Relationship Between GABAergic Neurosteroid Levels and Extinction Retention Deficits in PTSD

Laboratory-based fear conditioning and extinction models have been used in preclinical and clinical research to model PTSD development and maintenance. In recent years, extinction retention (i.e., the ability to recall extinction learning when tested at a later date) has gained increasing attention as a construct potentially contributing to PTSD chronicity and the suboptimal impact of trauma-focused treatments for a significant subpopulation of PTSD patients. Studies have often (although not always) shown comparable acquisition and extinction of conditioned fear in male PTSD and control subjects, but consistent extinction retention deficits in those with PTSD28. Studies in women show more complicated menstrual cycle and PTSD effects on extinction retention. For example, healthy women show optimum extinction retention when 17β-estradiol levels are highest (menstrual phase not assessed)44 or during the mLut phase of the menstrual cycle when 17β-estradiol as well as progesterone and Allo+PA levels are high29. However, trauma-exposed, medically healthy women with and without PTSD show comparable extinction retention during the eFol phase when plasma progesterone and Allo+PA levels are relatively low, while women with PTSD show marked extinction retention deficits during the mLut phase compared to the eFol phase and trauma-exposed women without PTSD in the mLut phase29.

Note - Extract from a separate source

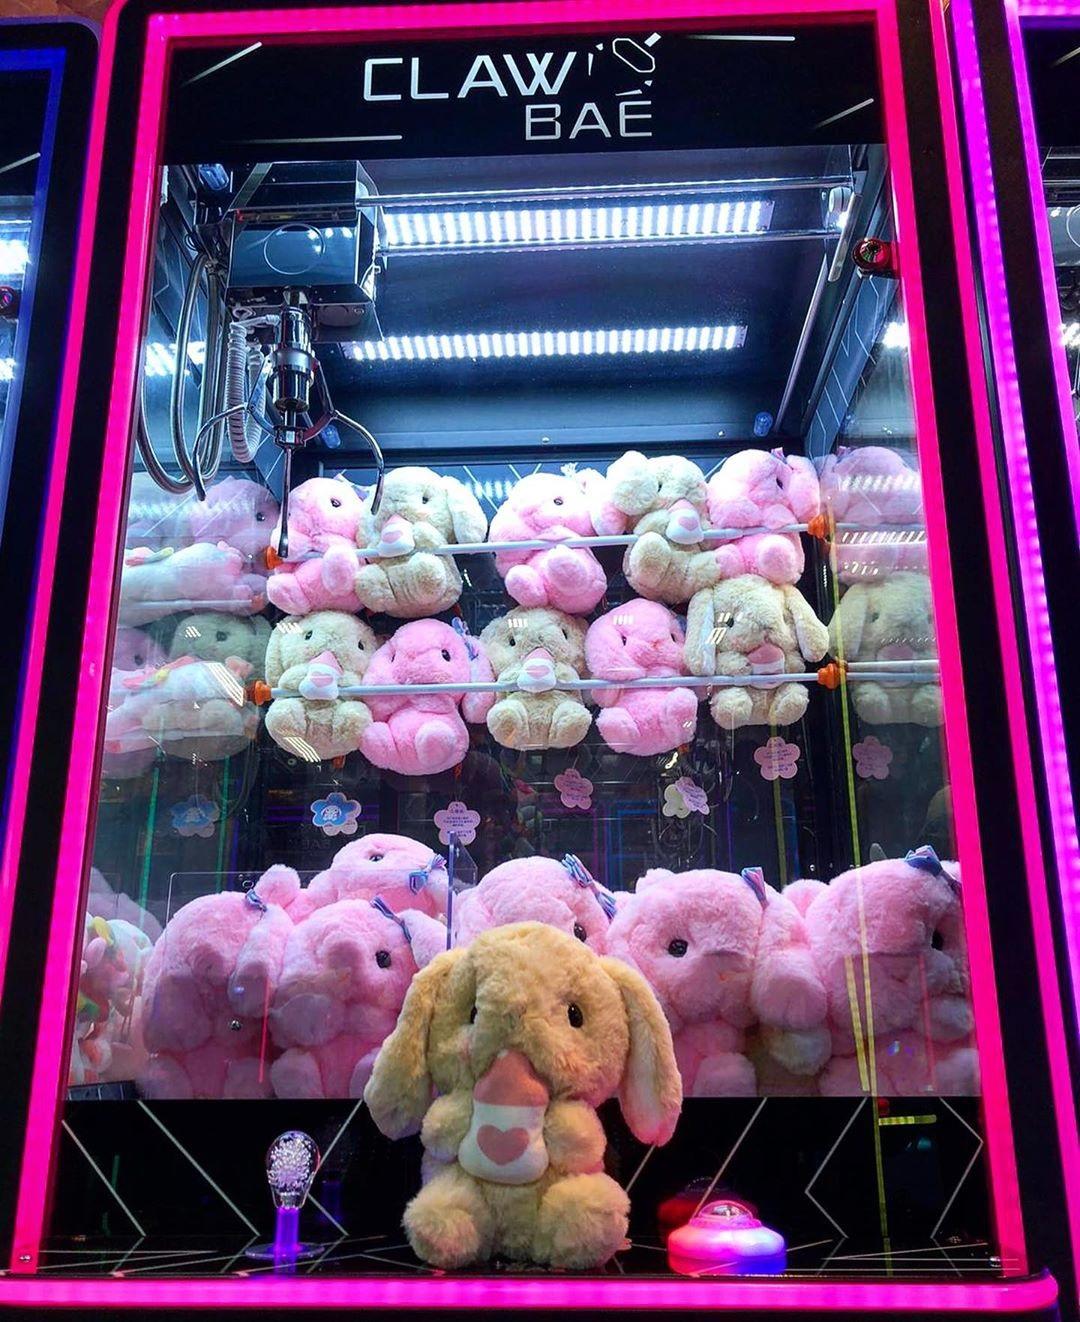 claw machine arcades 2019 bunny

Furthermore, during the mLut phase, women with PTSD showed a strong positive association between resting plasma Allo+PA levels and extinction retention45. During the eFol phase, the ratio of resting plasma Allo+PA to DHEA, rather than Allo+PA levels alone, correlated strongly and positively with extinction retention, but only when extinction retention was compared to late extinction45. During the eFol phase, DHEA released by the adrenal gland in response to maximally activating adrenocorticotropin hormone (ACTH) doses46 reaches levels that are comparable to eFol phase Allo+PA levels—and thus may compete effectively with Allo+PA at brain GABAA receptors to influence extinction retention. During the mLut phase, plasma DHEA levels are much lower than plasma Allo+PA levels. It is therefore notable that 17β-estradiol, which is higher during the mLut than eFol phase of the menstrual cycle, upregulates expression of 3α-HSD in the hippocampus of healthy female rodents47—an effect possibly mediated by estrogen receptor (ER)β, given that activation of ERβ but not ERα is associated with improvements in extinction and extinction retention48. In women with PTSD, 17β-estradiol signaling thus may be inadequate or at least unable to overcome the impact of other possible causes of deficits in 3α-HSD enzyme function during the mLut phase.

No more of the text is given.